My first taste of wide-column programming was the VT-100 terminal in the college computer lab which I could set to 132-columns. By the way, this annoyed other students who didn’t know how to change the display mode settings and also did not enjoy squinting as much as I did. I should take this opportunity to apologize to those guys, writing Pascal on a VAX 11/780 had enough pitfalls for a college freshman — I shouldn’t have made it worse for them. Another interesting side-note is that the Slick-C command record_macro_end_execute_key() which you might find assigned to Ctrl+Shift+F1–F10 was inspired by the macro recording features of the Eve editor on the VAX.

Terminally beautiful.

In graduate school, I was exposed to Sun workstations with 19 inch CRT monitors that were about the size of a mini-fridge and consumed about as much energy as a Nissan Leaf at a tractor pull. 1152×900 pixels of delightful X-windows wonder. I eventually would trade my Amiga 2000 for a Sun 3 of my own, which became my home computer for quite some time. These were the salad days of C and C++ programming with the VI editor.

Sun 3/60 (pizza box)

When I joined SlickEdit, I moved to Windows as my primary machine and eventually graduated to a machine with a 19 inch 1600×1200 CRT monitor that kept my desk firmly pinned to the floor. This served me well, until the day that SlickEdit started getting daily complaints about how list-members in SlickEdit 4.0 did not work correctly with a multi-monitor setup on Windows. Apparently, the list was coming up on the wrong monitor, and this would just not do. Happy with my one big monitor, I felt like these people were just being silly using two smaller monitors to get about the same amount of resolution, but I begrudgingly set up a dual-monitor configuration on my machine and proceeded to fix the display bugs. What I did not expect was that I would fall in love with having multiple monitors. It allowed me to work faster and keep track of more things at once. I thought I would never go back to a single monitor.

When 17-inch 1280×1024 resolution LCD monitors dropped below the $100 price point, I soon I had four monitors on my desk. This was the most pixels I’d ever had in front of me, but it was not enough, because they were too narrow for DiffZilla. I would eventually replace two of the LCDs with 21-inch HD monitors, one in vertical orientation and one in landscape for DiffZilla.

Where are they now?

All those machines and all those monitors are gone now, dust in the winds of change. 4K is the current zenith of display technology.
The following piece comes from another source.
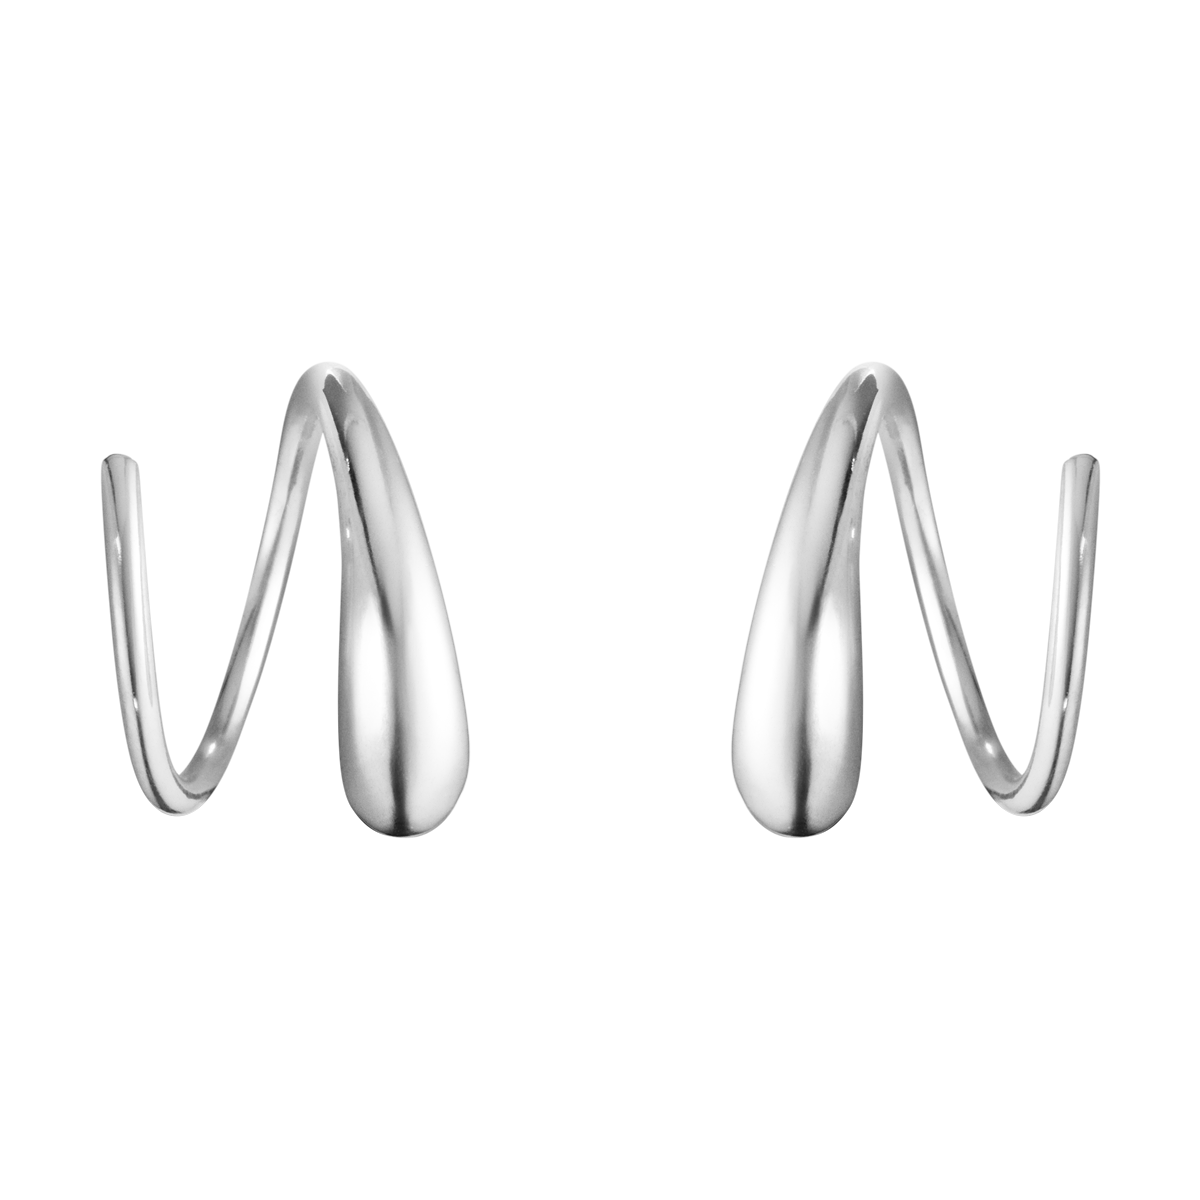 Mercy øreringe - sølv fra Georg Jensen

A lot of people are already using dual 4K monitors, and Apple is shipping 5k retina displays. I look forward to seeing 50 inch curved 8k displays in the future.

The advancements made in computing hardware are normally broken down by speed, memory, storage, hardware size, and cost. Often the advancements made in display and input technology are forgotten. Compare the computer I sit behind today to that VIC-20.

  • CPU — 2.8 GHz vs 1 Mhz — even simplistically measured, thousands of times faster
  • Memory — 8G vs 5k — over a million times more
  • Storage — 1 terabyte vs a 170k floppy — more than 5 million times more
  • Size — actually, about the same
  • Cost — $500 notebook + $339 4K TV vs $199 VIC-20 + cheap TV — adjusted for inflation, a lot less expensive.
  • Display — 39 inch 4K TV vs 13 inch color TV (176×184 pixels) — over 256 times more pixels.

I could tile 252 VIC-20 screens on my current display. That’s a whole screen for every other character the on the VIC-20.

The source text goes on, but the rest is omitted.